■ **Dataset excerpt**:
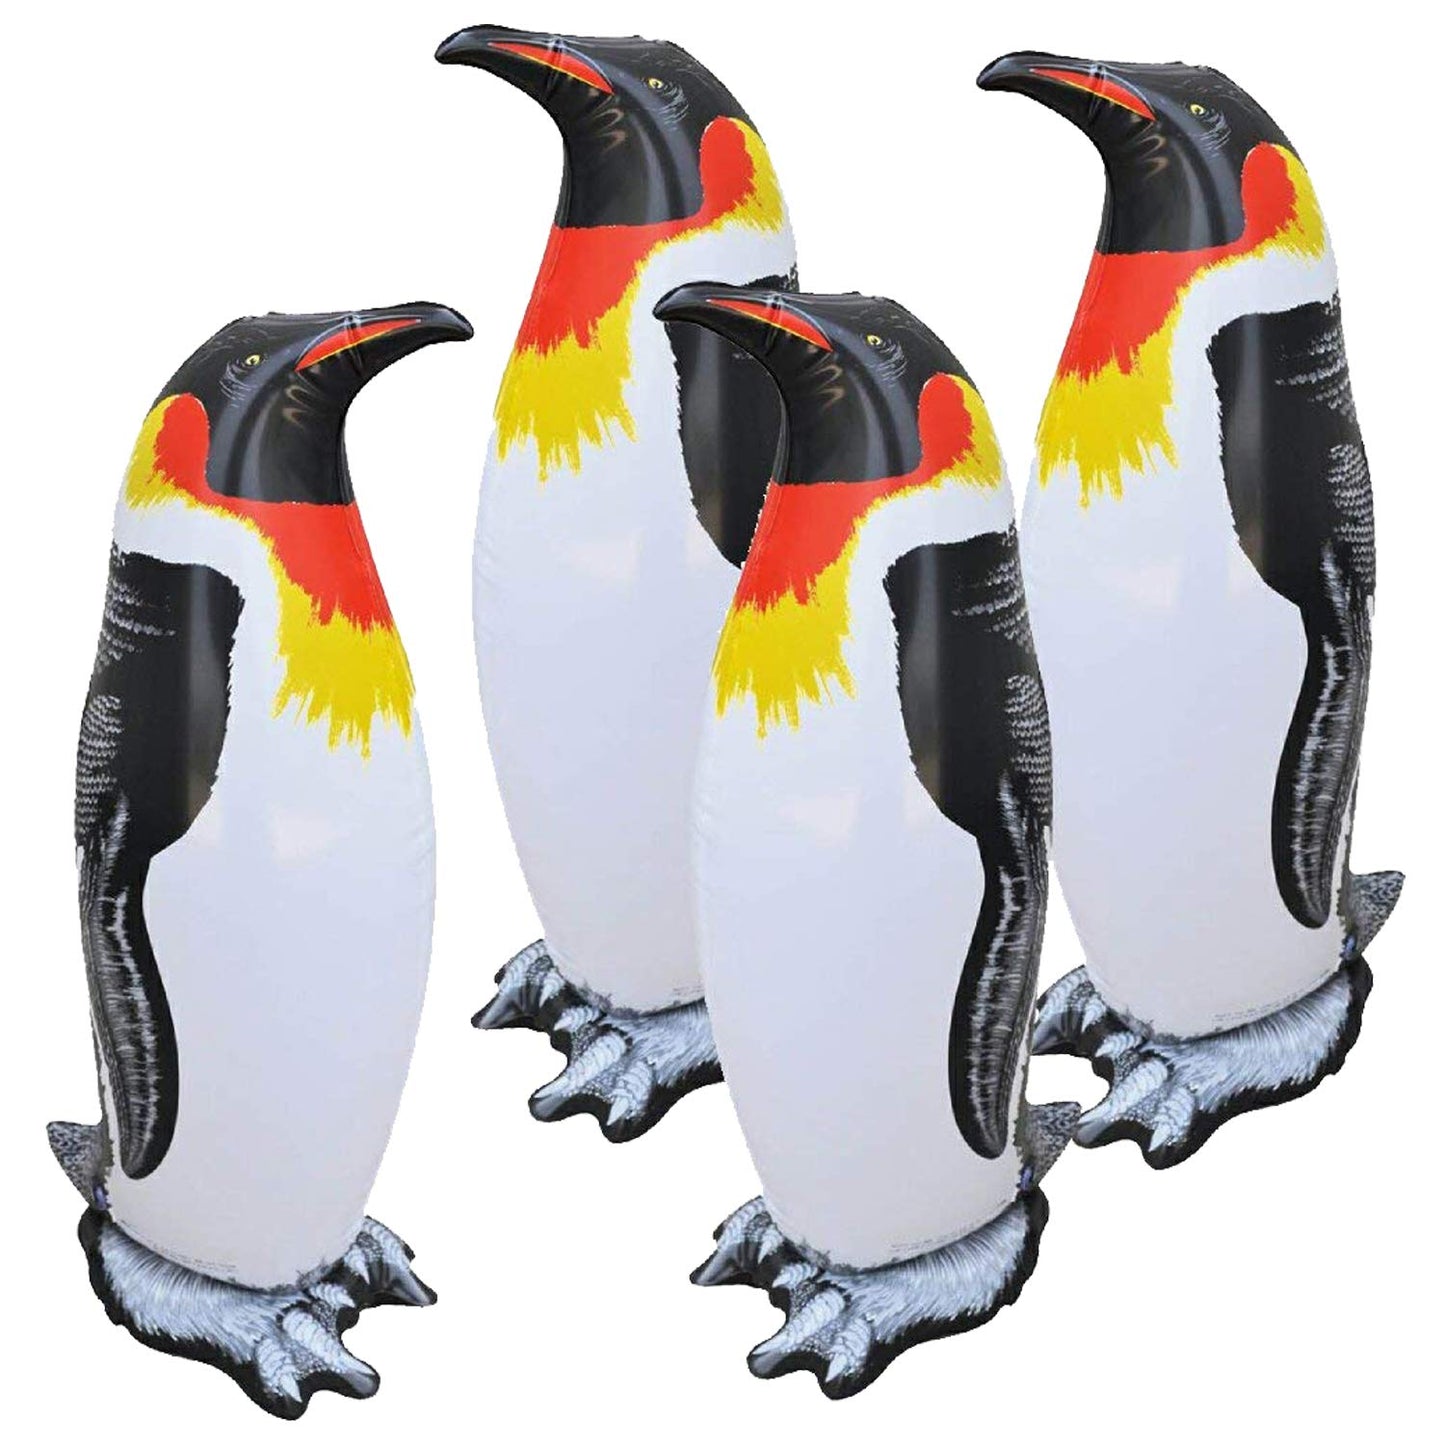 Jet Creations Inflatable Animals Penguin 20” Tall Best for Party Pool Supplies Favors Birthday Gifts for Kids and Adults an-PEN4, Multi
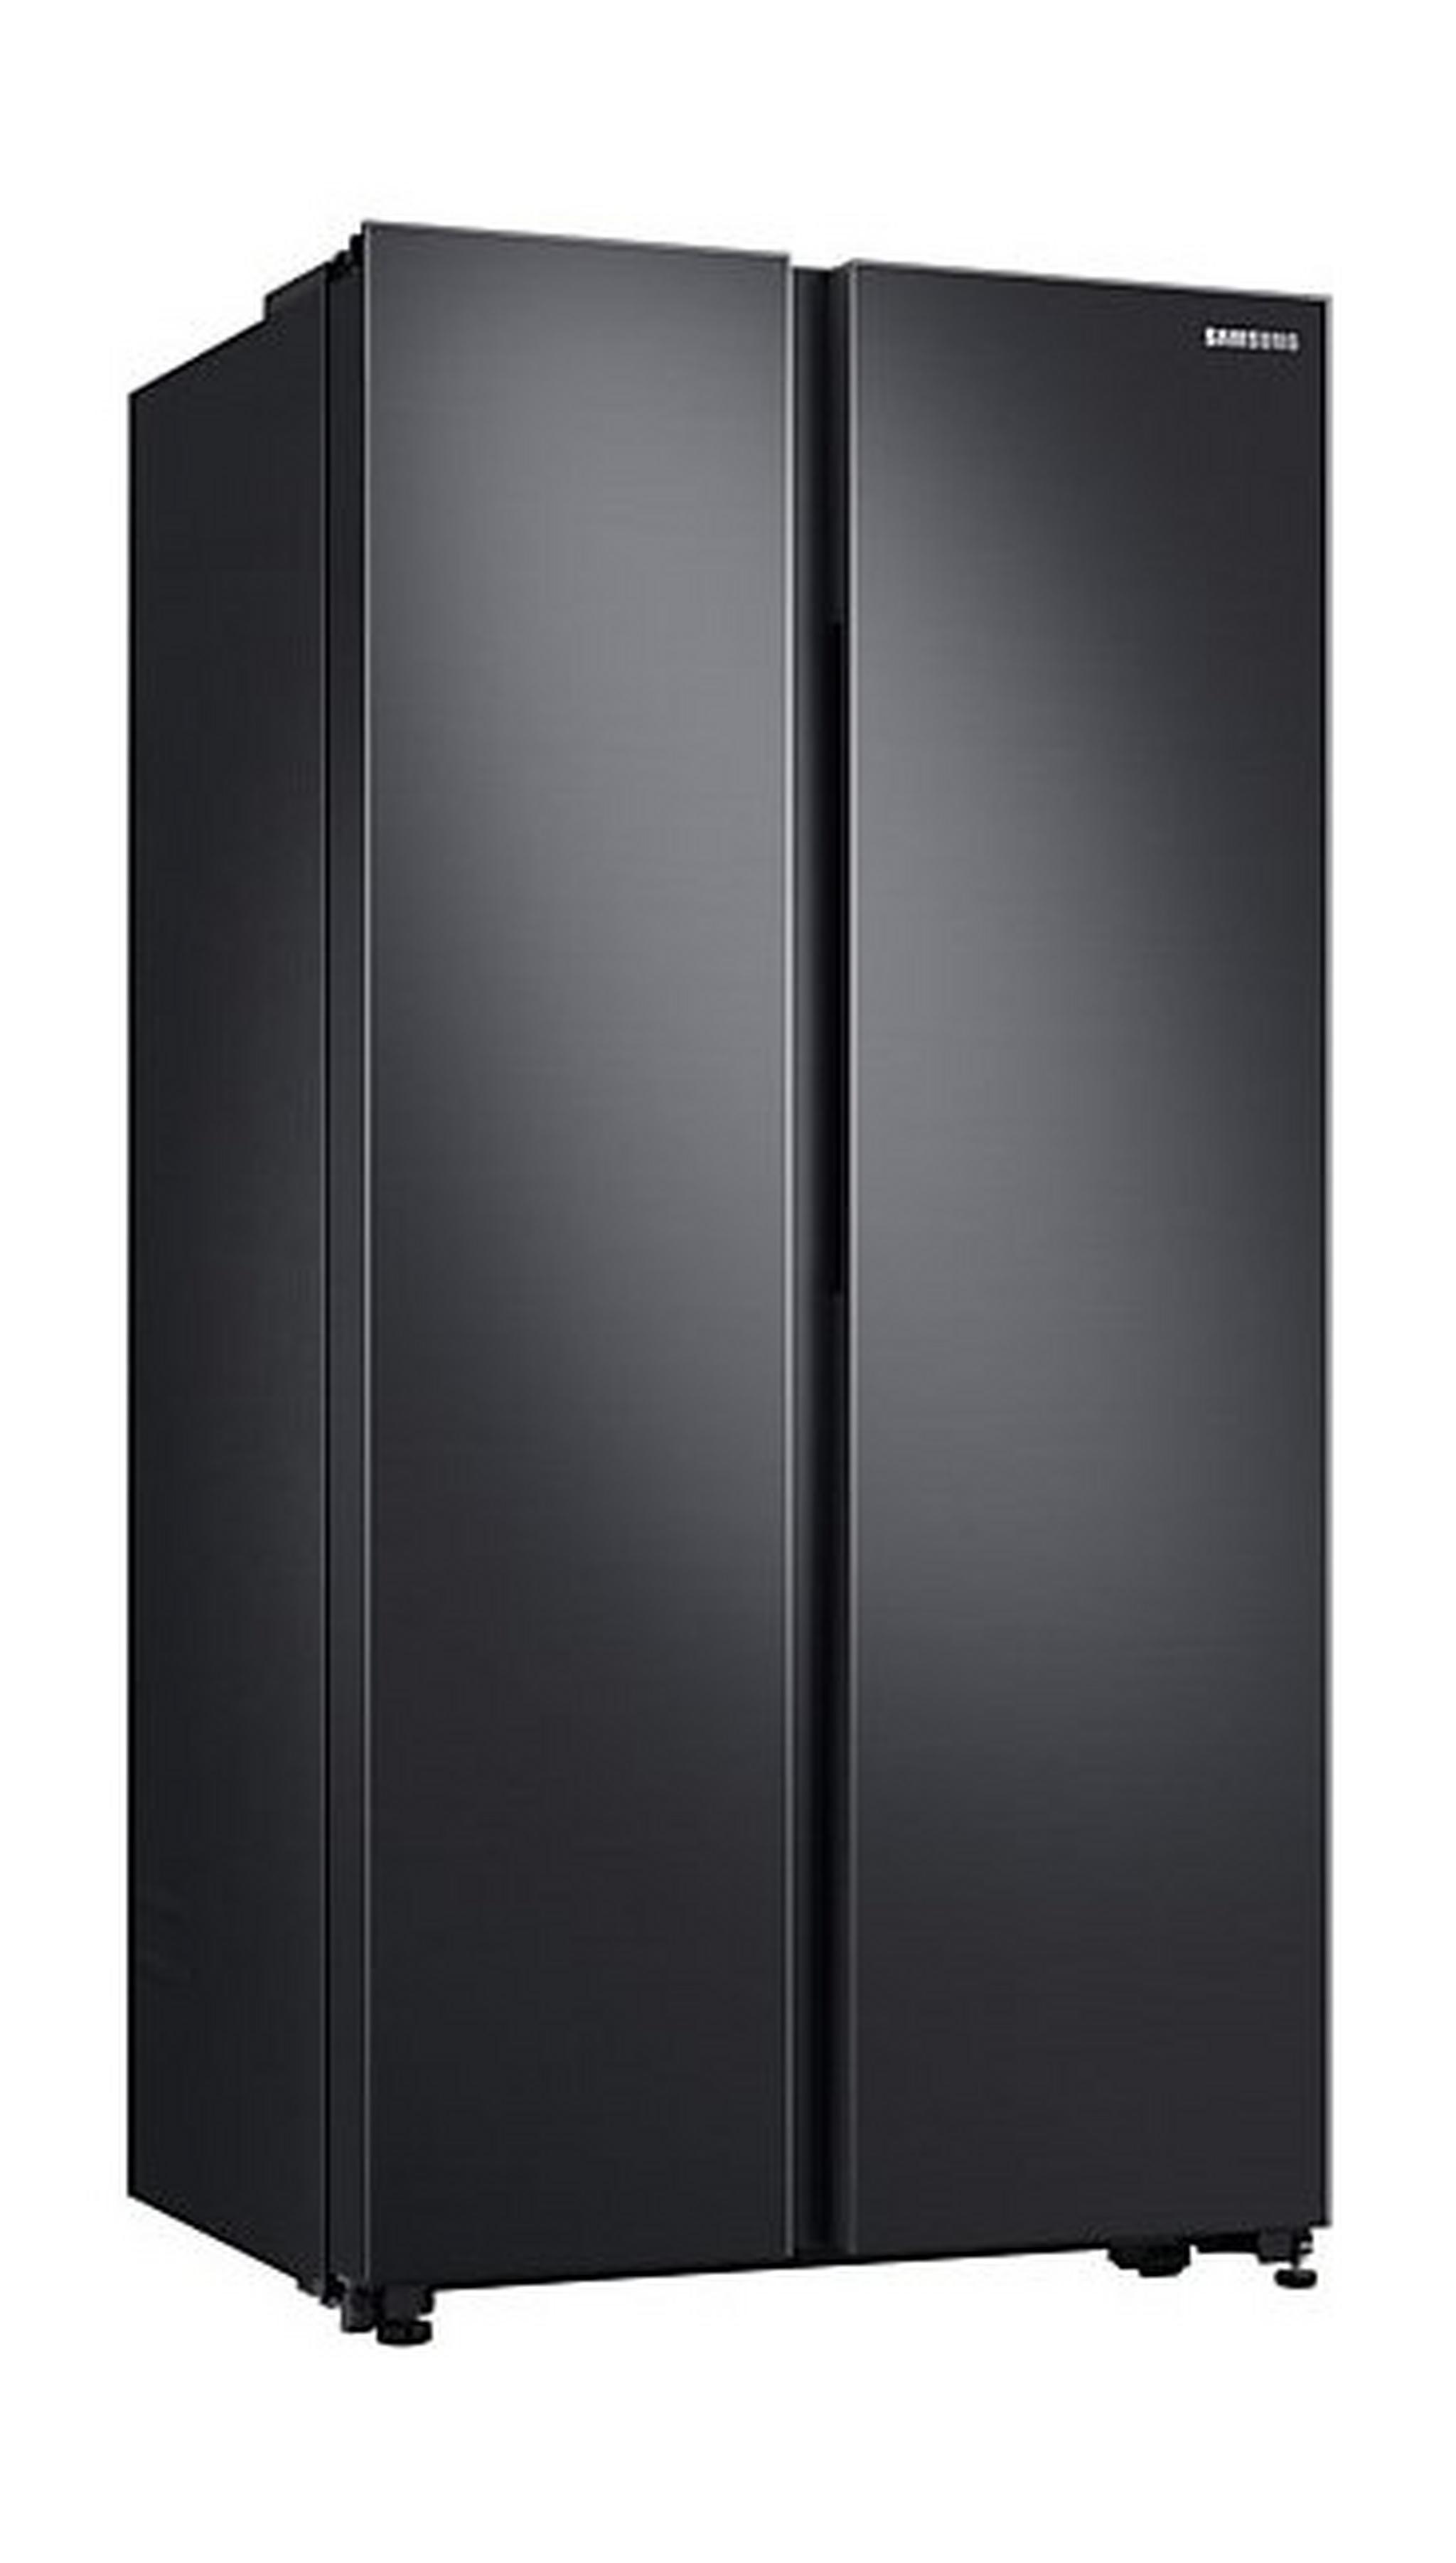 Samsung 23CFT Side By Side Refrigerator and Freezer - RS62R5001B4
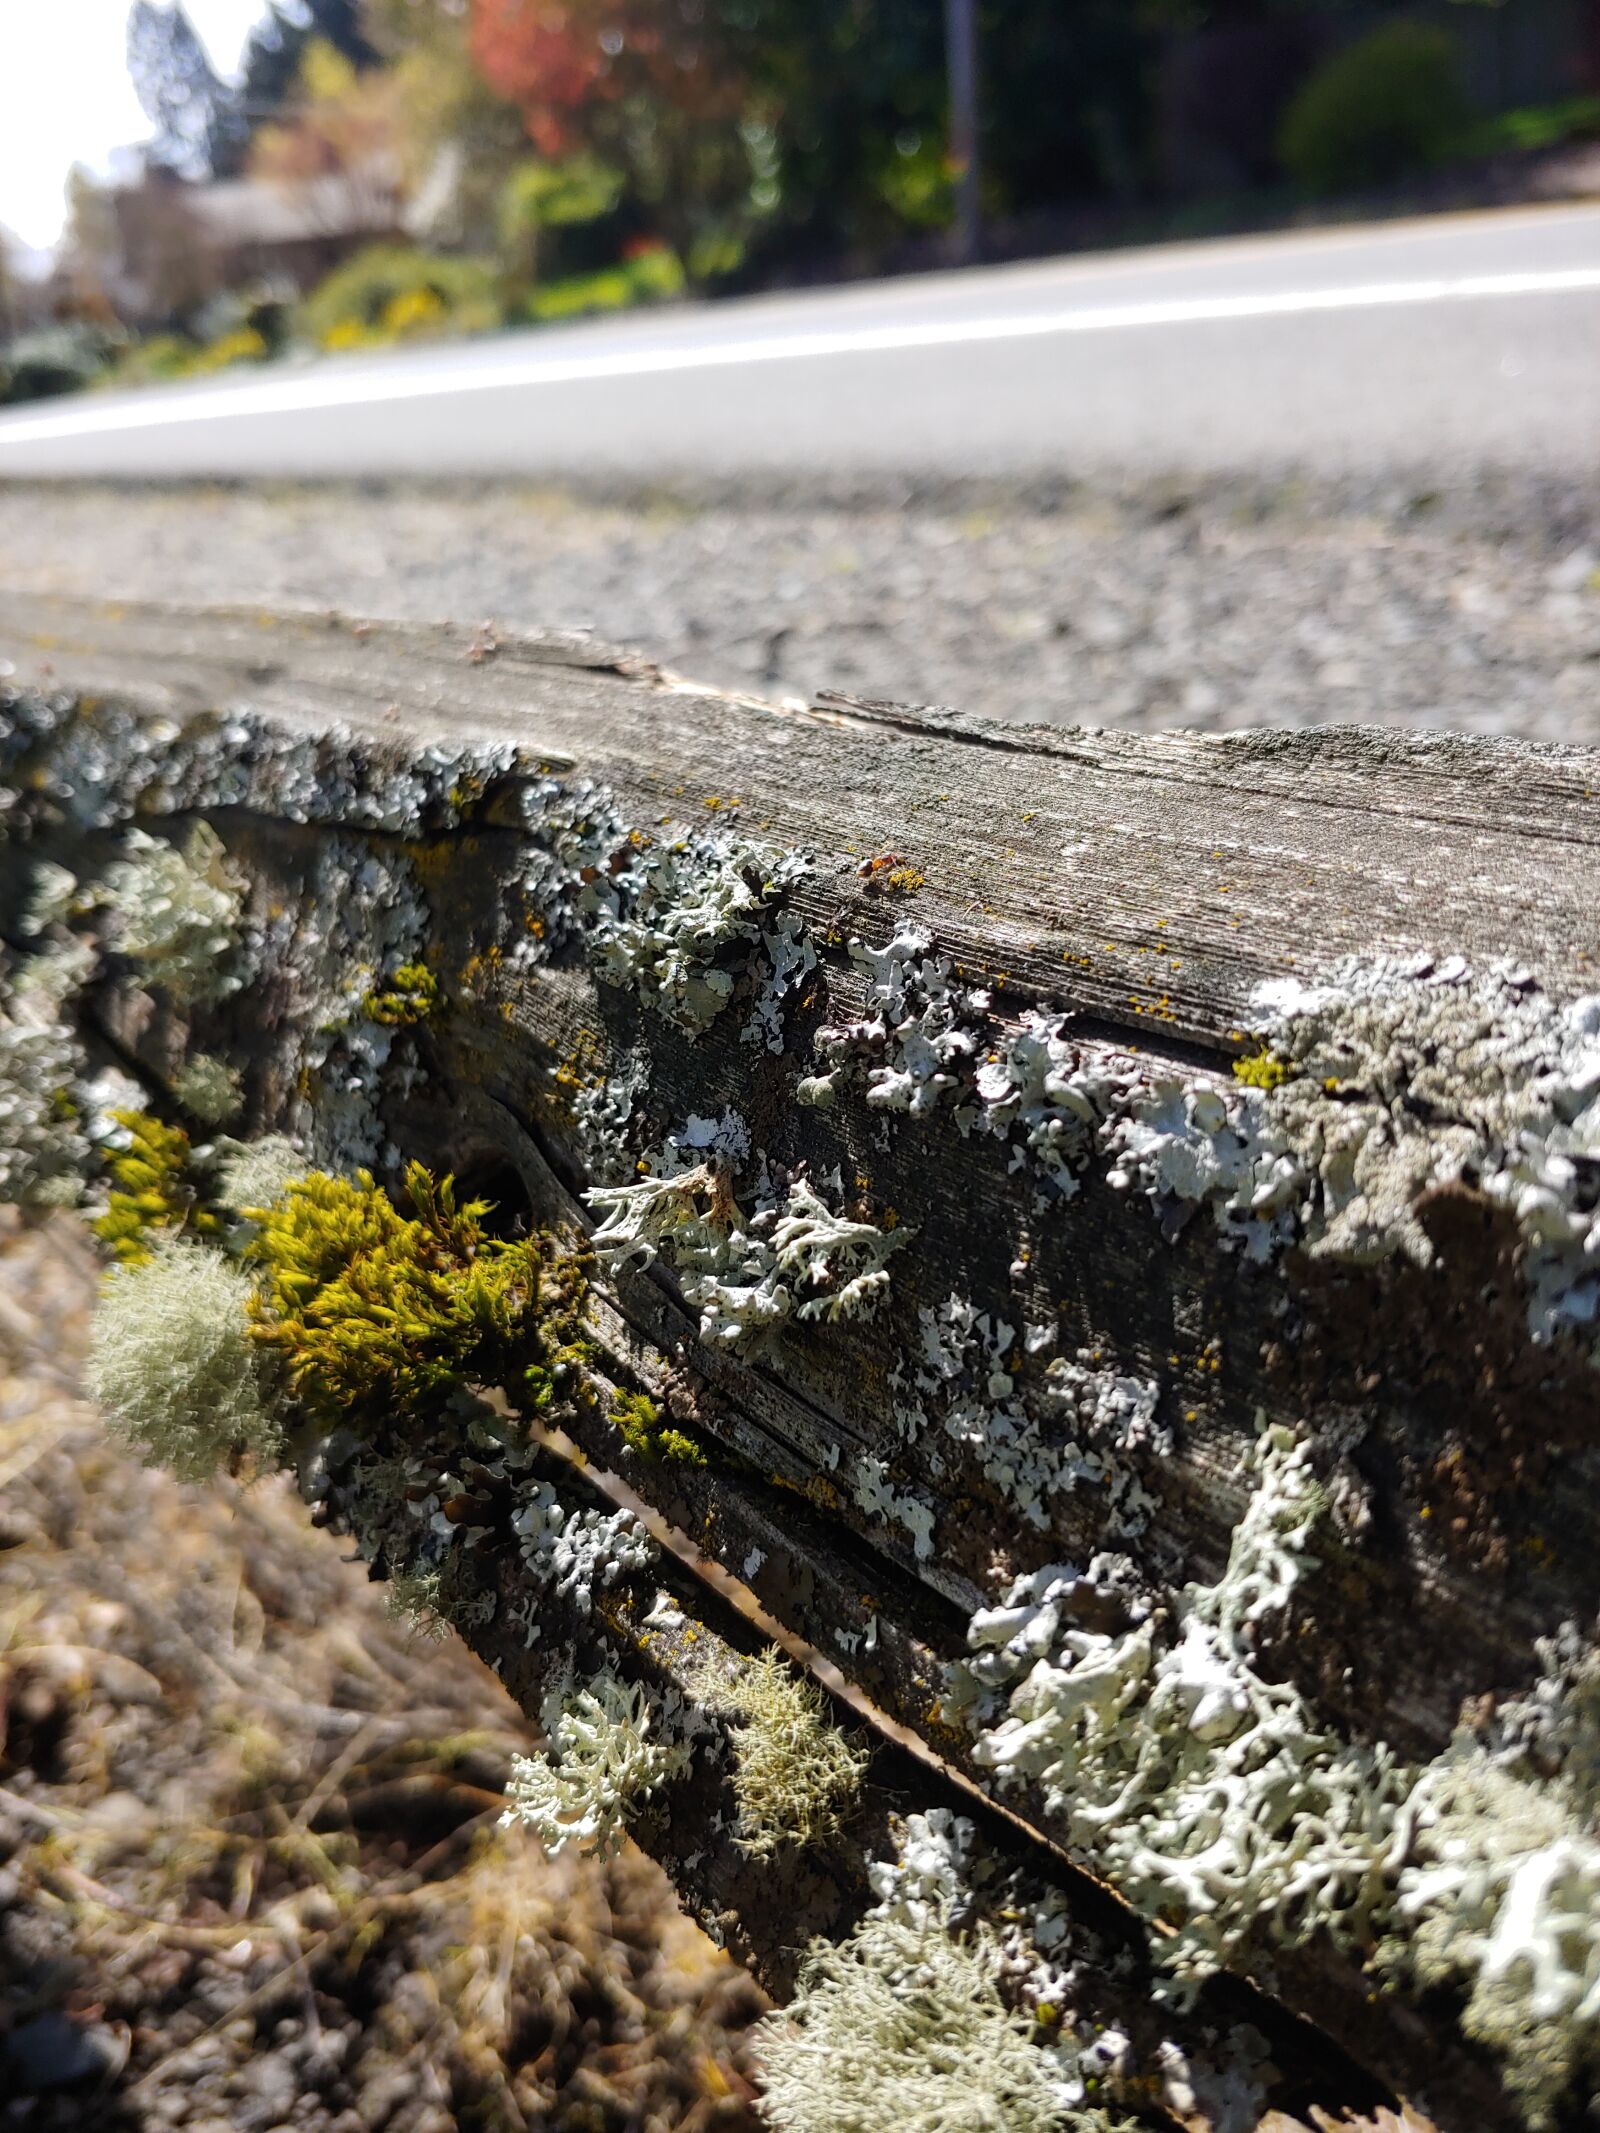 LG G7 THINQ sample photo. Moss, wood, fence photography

■ **Aim of the exercise**: Would you set down, word for word, the lines running from the one that contains "Samsung 23CFT Side" to the last line of the material, omitting all pictures?

■ **Exercise solution**:
 Samsung 23CFT Side By Side Refrigerator and Freezer - RS62R5001B4
 LG G7 THINQ sample photo. Moss, wood, fence photography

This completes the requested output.